START Extracted records

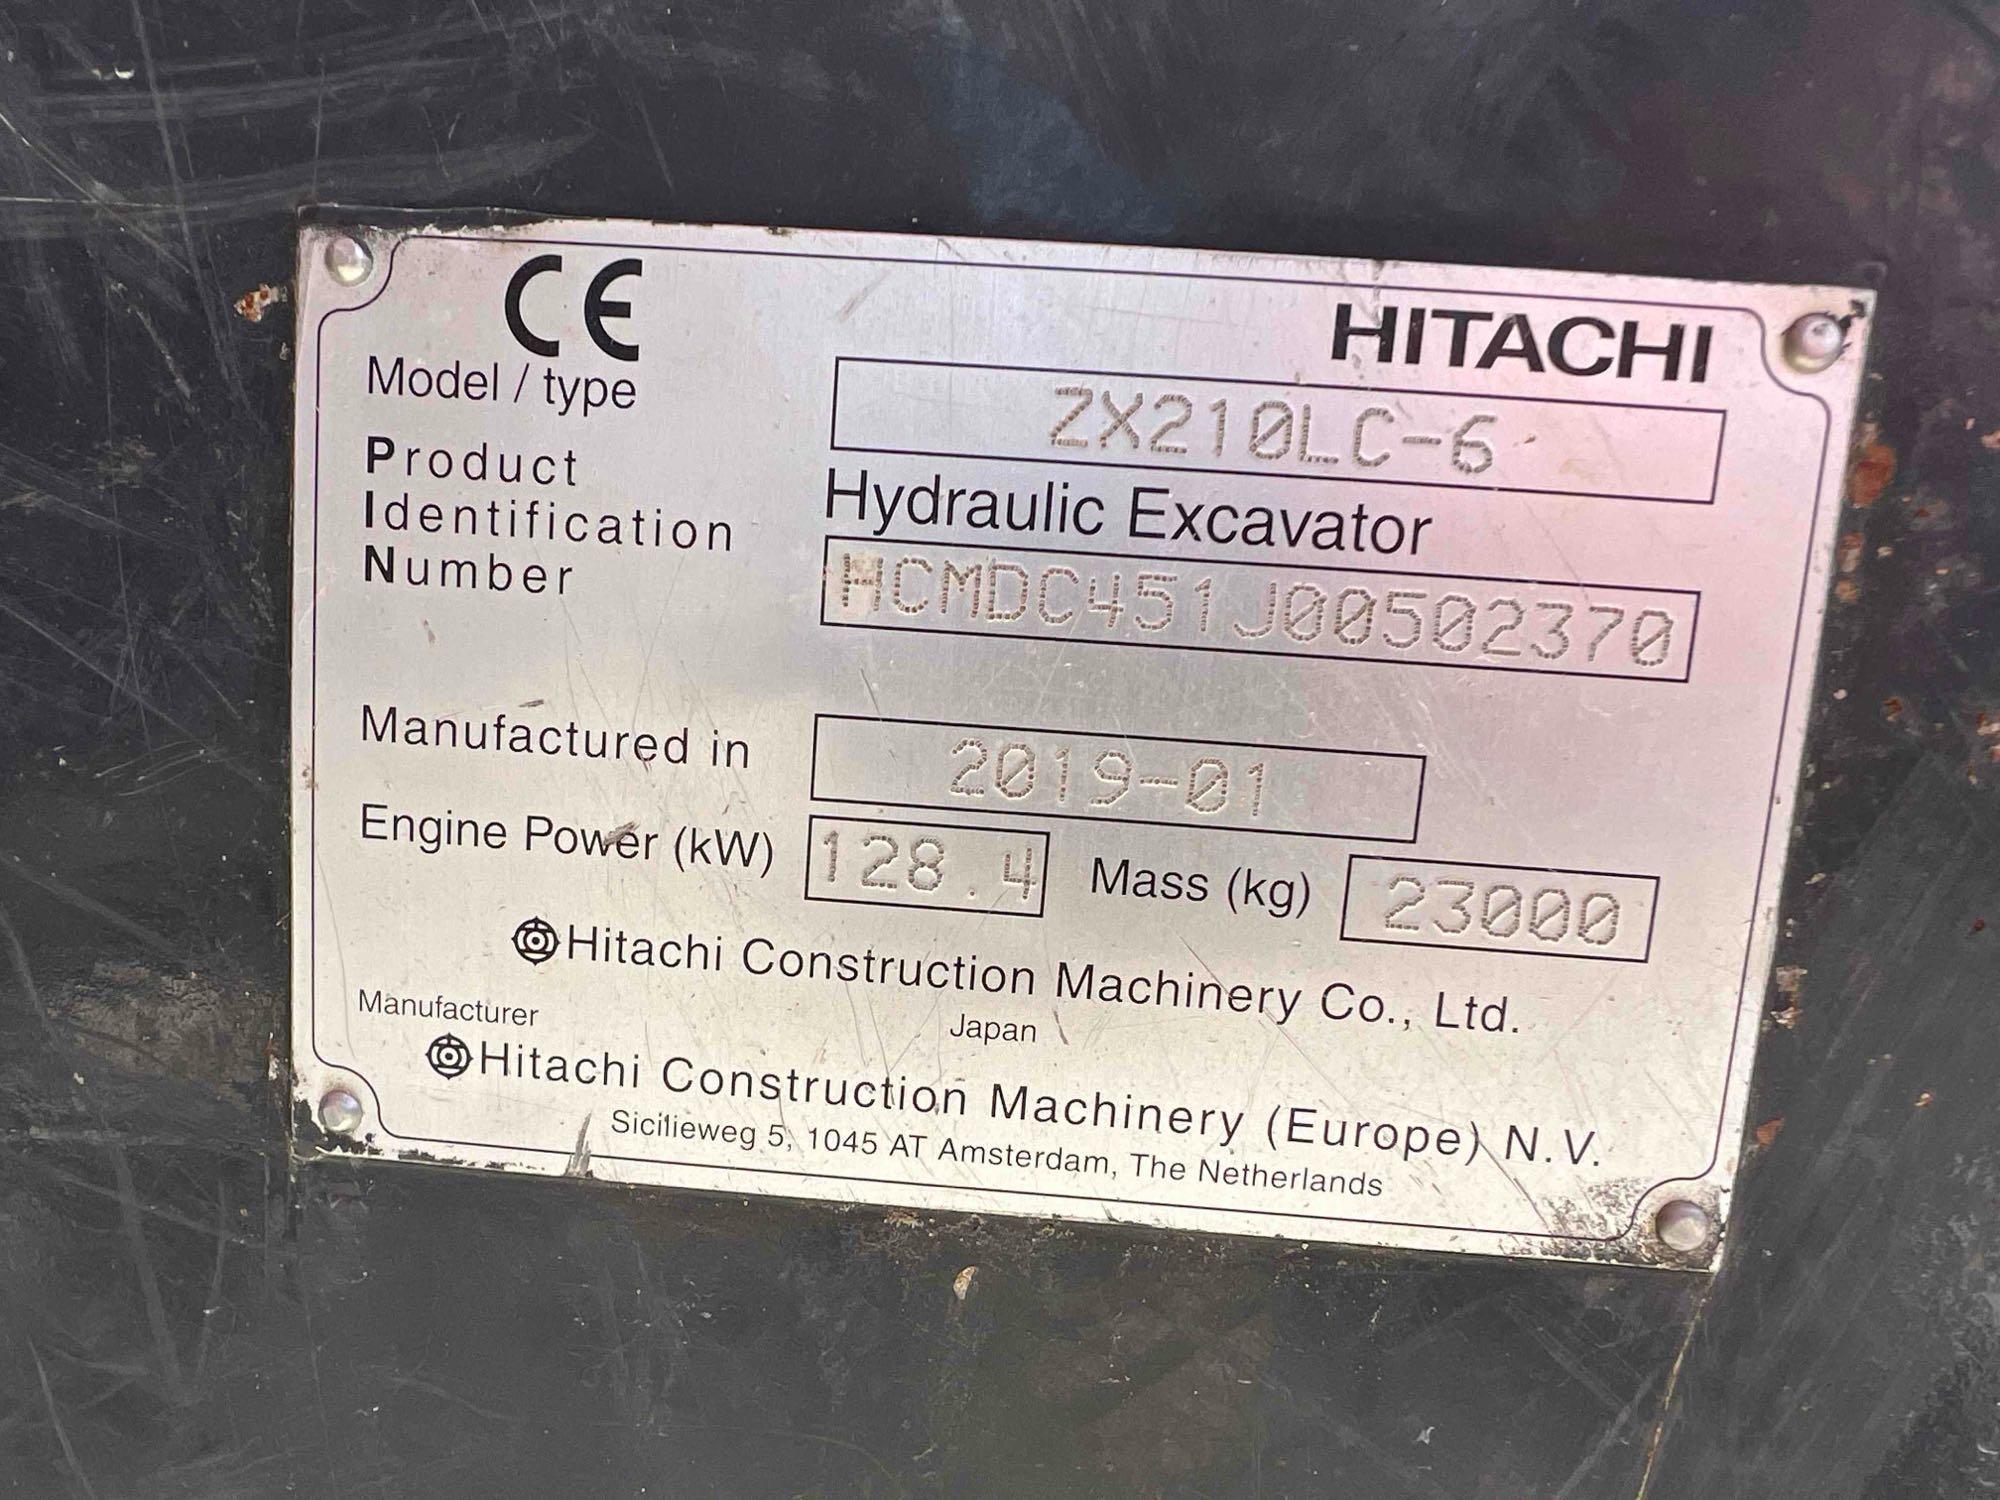 2019 HITACHI ZX210LC-6 HYDRAULIC EXCAVATOR SN-502370 powered by Isuzu diesel engine, equipped with
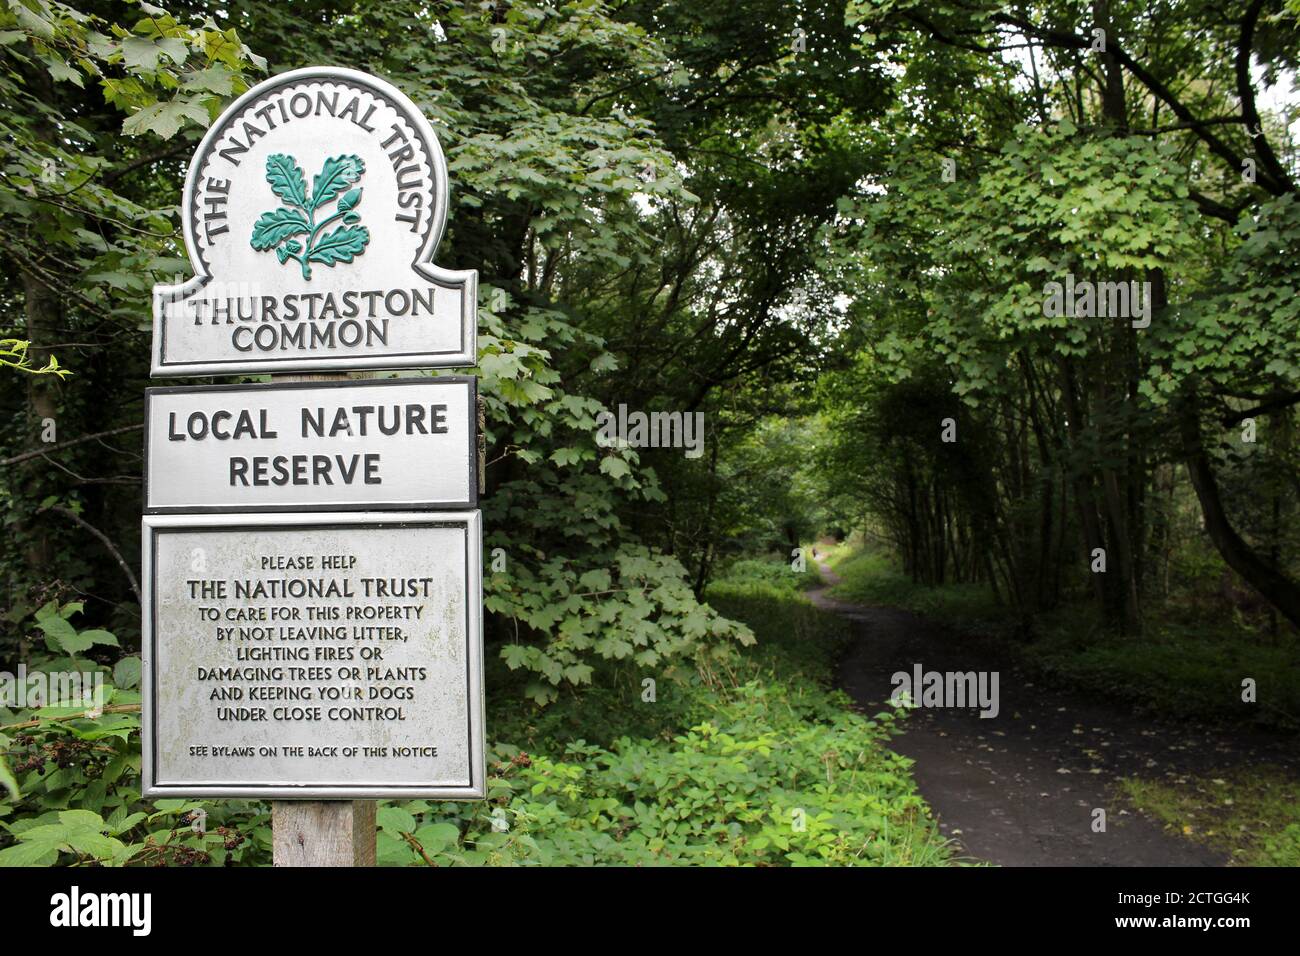 The National Trust - Thurstaston Common Nature Reserve, Wirral, UK Stock Photo
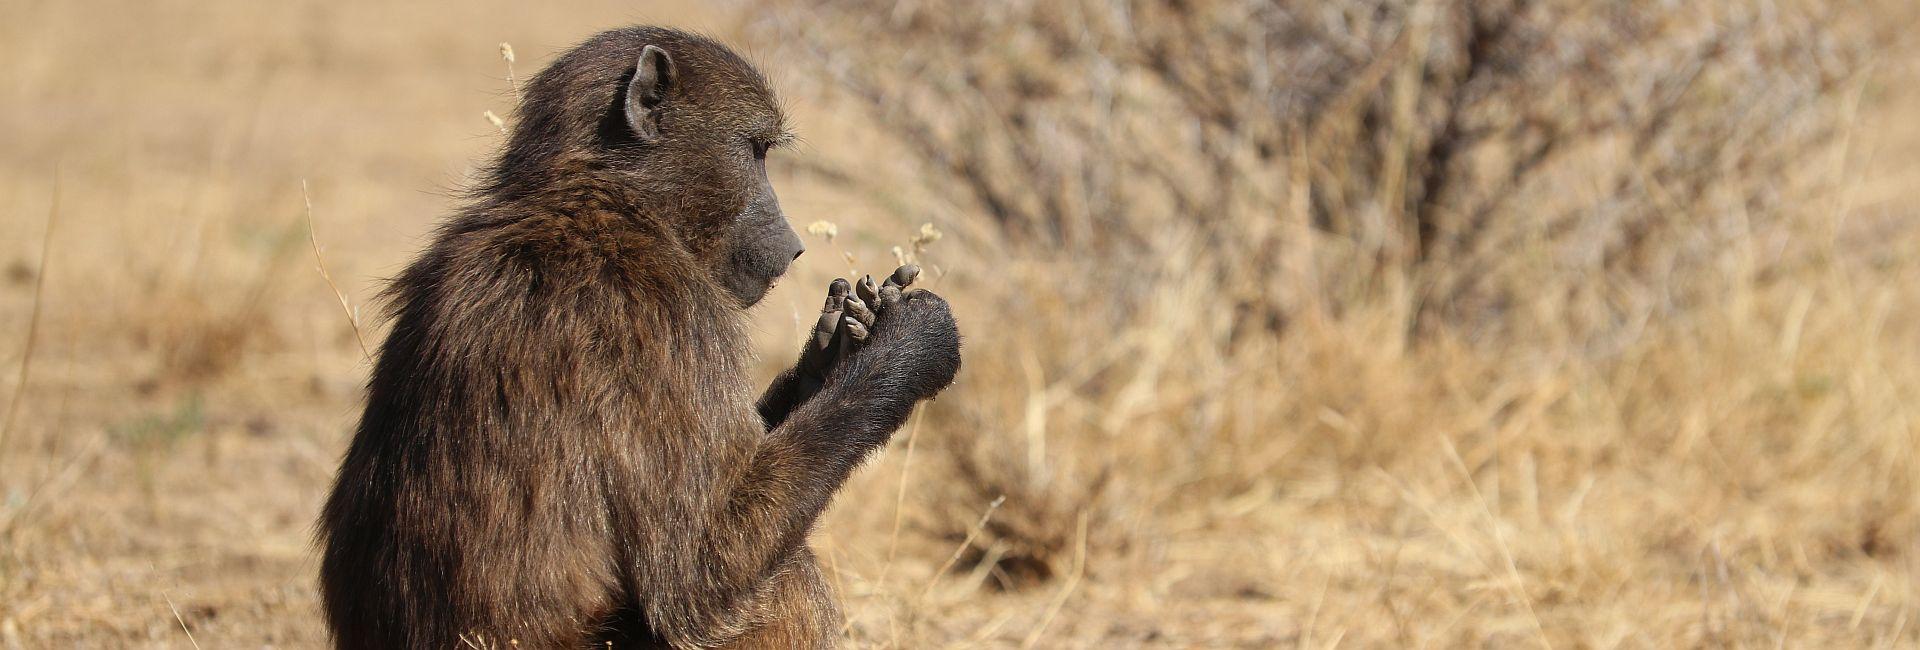 Namibia Wildlife Sanctuary Volunteer Reviews
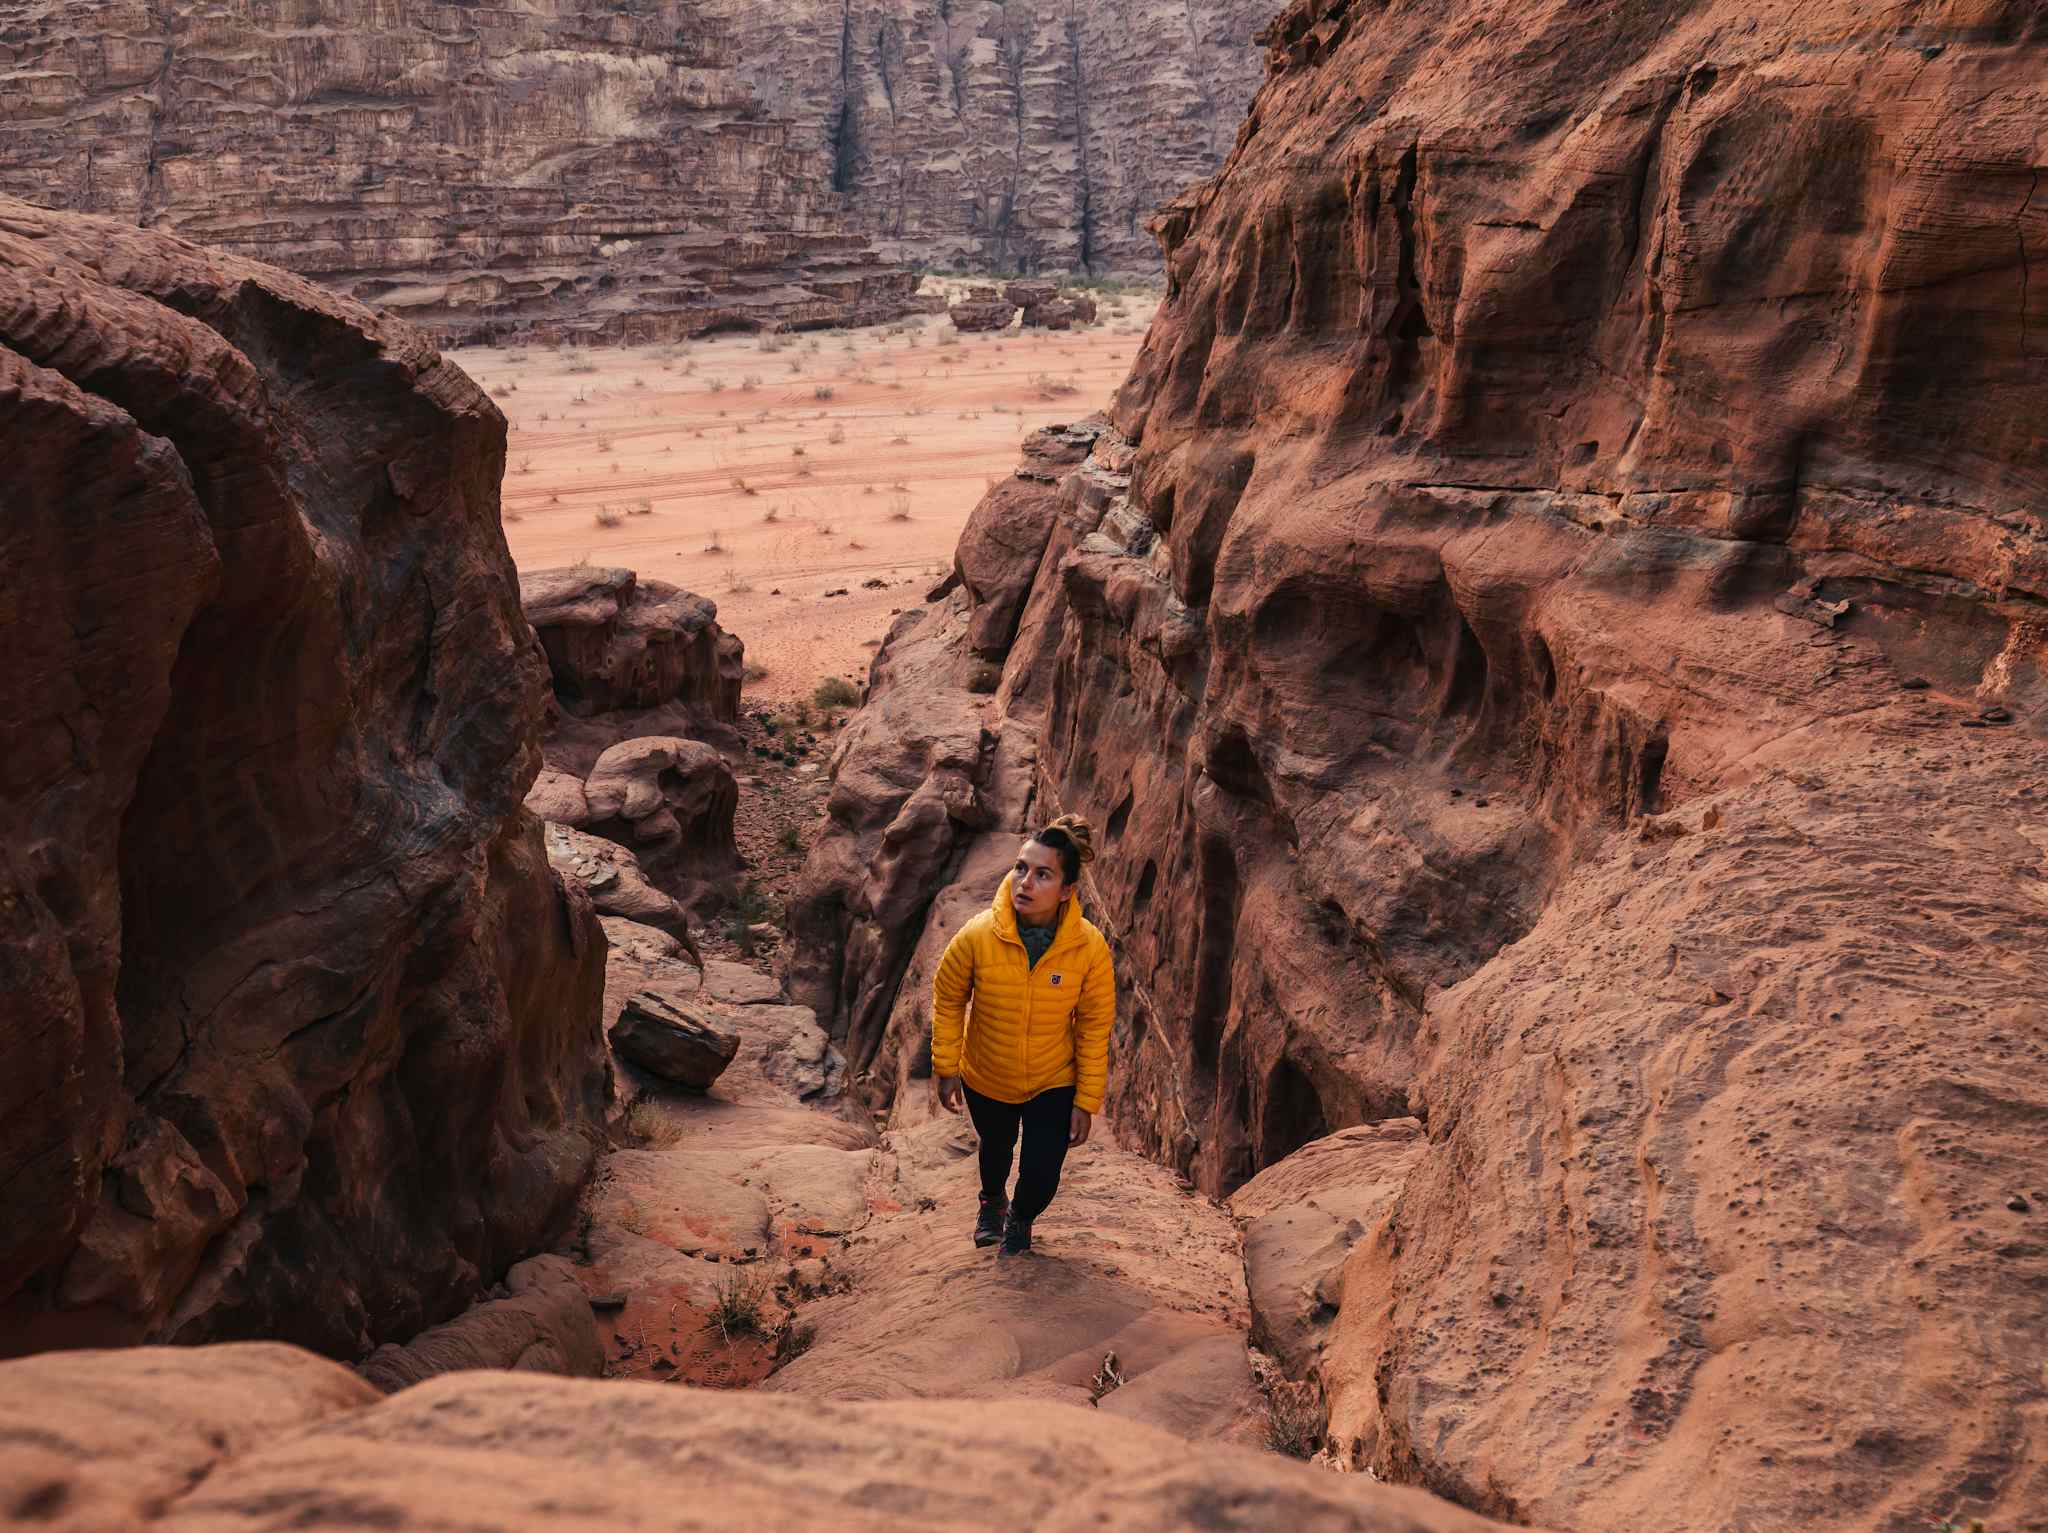 Wadi Rum Hike Jordan Trail
Host image - Experience Jordan / The Jordan Trail

END Extracted records

**Work request**
Leaving every picture out, write out exactly the lines from the one that holds "Namibia Wildlife Sanctuary Volunteer Reviews" through the end of the listing, both included.

**Solution to this task**
 Namibia Wildlife Sanctuary Volunteer Reviews
 Wadi Rum Hike Jordan Trail
Host image - Experience Jordan / The Jordan Trail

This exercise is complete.